Auditory verbal hallucinations (AVH) are a common perceptual experience and occur in 9.6 percent of the general population internationally (Maijer, Begemann, Palmen, Leucht, & Sommer, 2018). Childhood traumatic stress has been implicated in the development of AVH, also known as voice hearing, and can render people more vulnerable to hearing either supportive or disturbing voices (Bailey et al., 2018; Daalman, Diederen, & Derks, 2012).

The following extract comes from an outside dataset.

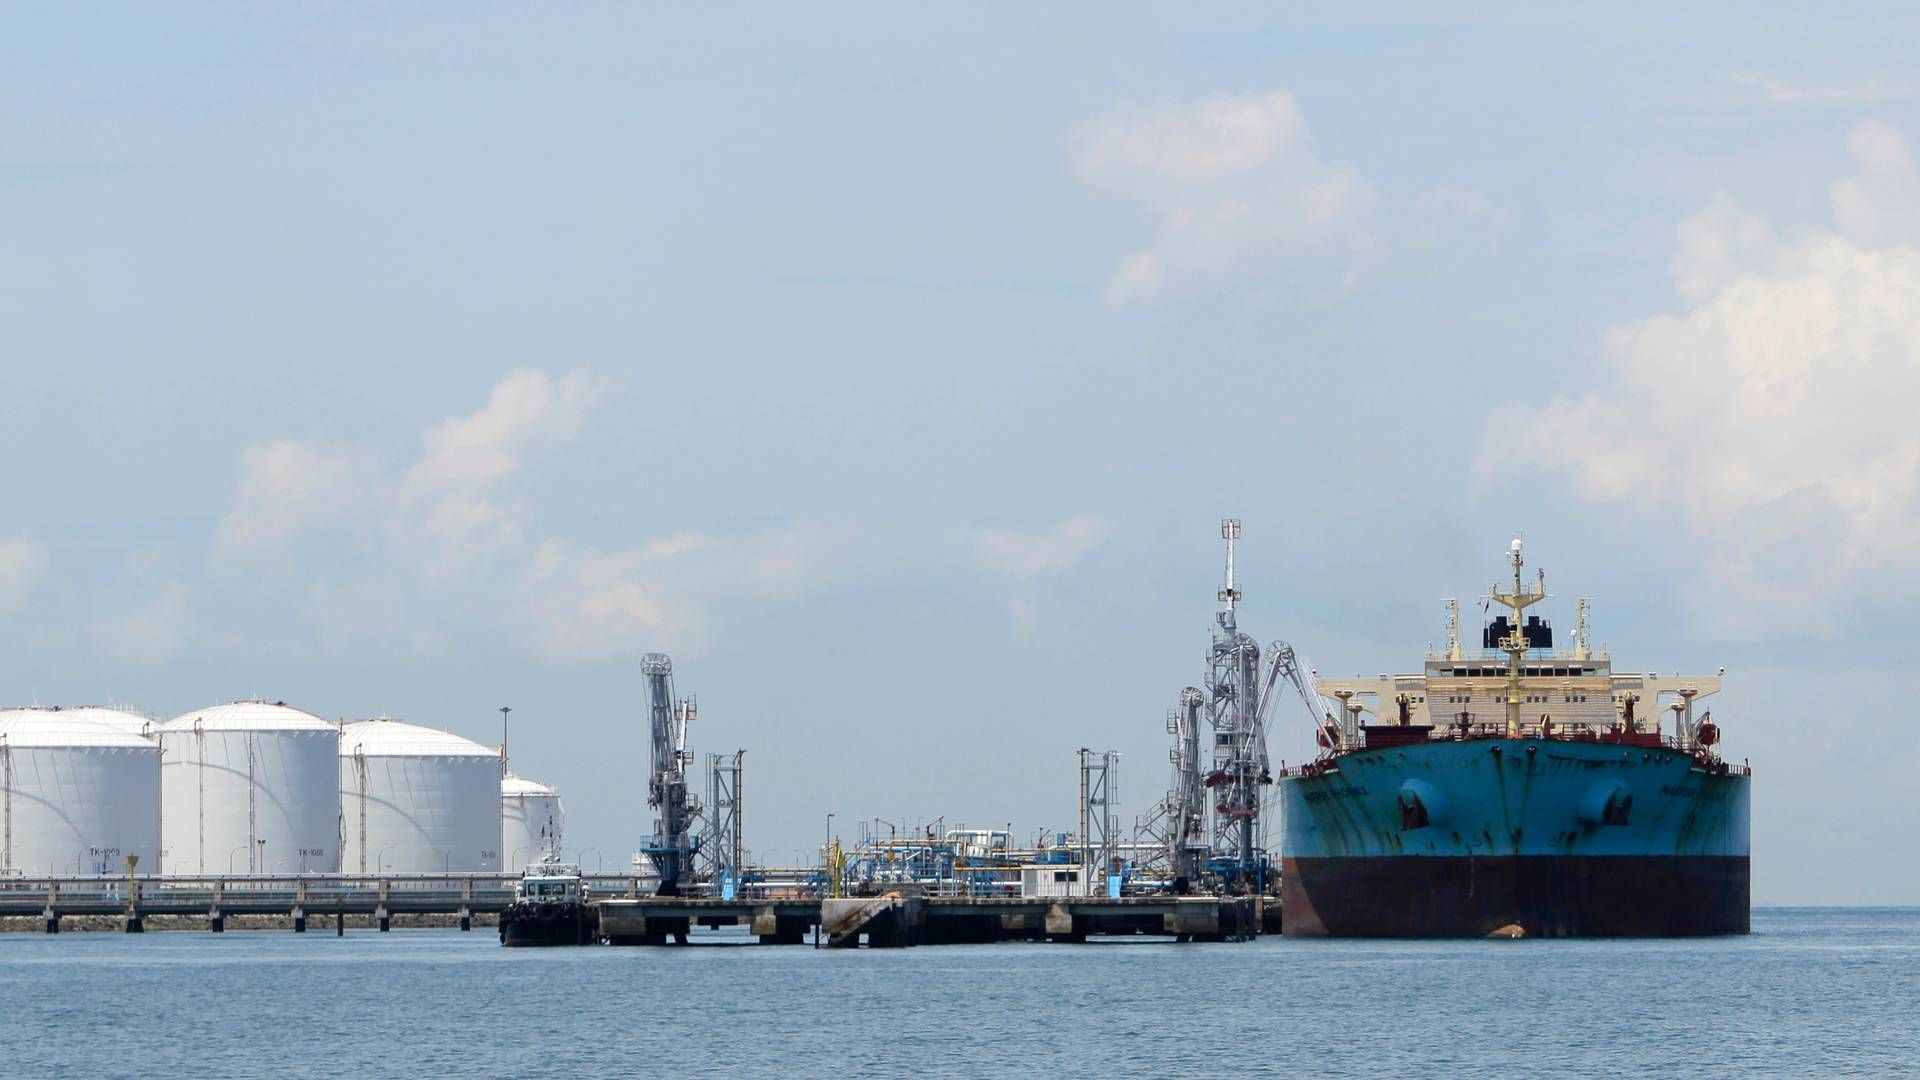 ”Olieefterspørgslen forventes at vokse hurtigst i Asien og Stillehavsområdet (med 4,7 pct. i løbet af de næste to år ifølge IEA), mens væksten i udbuddet vil være fokuseret på fjerntliggende oliebrønde i USA, Guyana, Brasilien og Canada,” skriver Braemar. | Foto: Tim Chong/Reuters/Ritzau Scanpix

Challenging life events also play a role in shaping the content of voices people hear, as AVH often represent people or problems located in a voice hearer’s history (Longden, Corstens, Escher, & Romme, 2012). Despite the association between stress factors and AVH, voice hearing is primarily conceptualized in the Western biomedical system as a symptom of genetically based mental disorders that requires diagnosis and pharmacological solutions (Corstens, Escher, & Romme, 2008; McCarthy-Jones, 2017). Within this framework, questions related to antipsychotic medications are prioritized over voice content and personal concerns, with consequential effects on the relationships that clients develop with their mental health supports. Service users who hear voices have reported feeling invalidated, unheard, and dissatisfied in their interactions with mental health professionals (Kapur et al., 2014). This frustration highlights a need for more trauma-informed therapeutic approaches with this population. This Viewpoint column will discuss an underused method for supporting people who hear voices and proposes a fundamental shift in the way social workers and mental health professionals engage with people who hear voices.

中文翻译:

聆听声音:帮助来访者审视听觉幻听背后的含义

听觉语言幻觉 (AVH) 是一种常见的感知体验,在全球 9.6% 的普通人群中发生(Maijer、Begemann、Palmen、Leucht 和 Sommer,2018 年)。童年创伤性压力与 AVH(也称为声音听力)的发展有关,并且会使人们更容易听到支持性或令人不安的声音(Bailey 等人,2018 年;Daalman、Diederen 和 Derks,2012 年)。具有挑战性的生活事件也在塑造人们听到的声音内容方面发挥作用,因为 AVH 通常代表声音听者历史中的人物或问题(Longden、Corstens、Escher 和 Romme,2012 年)。尽管压力因素与 AVH 之间存在关联,声音听力主要在西方生物医学系统中被概念化为需要诊断和药物解决方案的基于遗传的精神障碍的症状(Corstens、Escher 和 Romme,2008 年;McCarthy-Jones,2017 年)。在这个框架内,与抗精神病药物相关的问题优先于声音内容和个人关注,从而对客户与心理健康支持发展的关系产生影响。听到声音的服务用户报告说,他们在与心理健康专业人员的互动中感到无效、听不见和不满意(Kapur 等,2014)。这种挫败感凸显了对这一人群的更多创伤知情治疗方法的需求。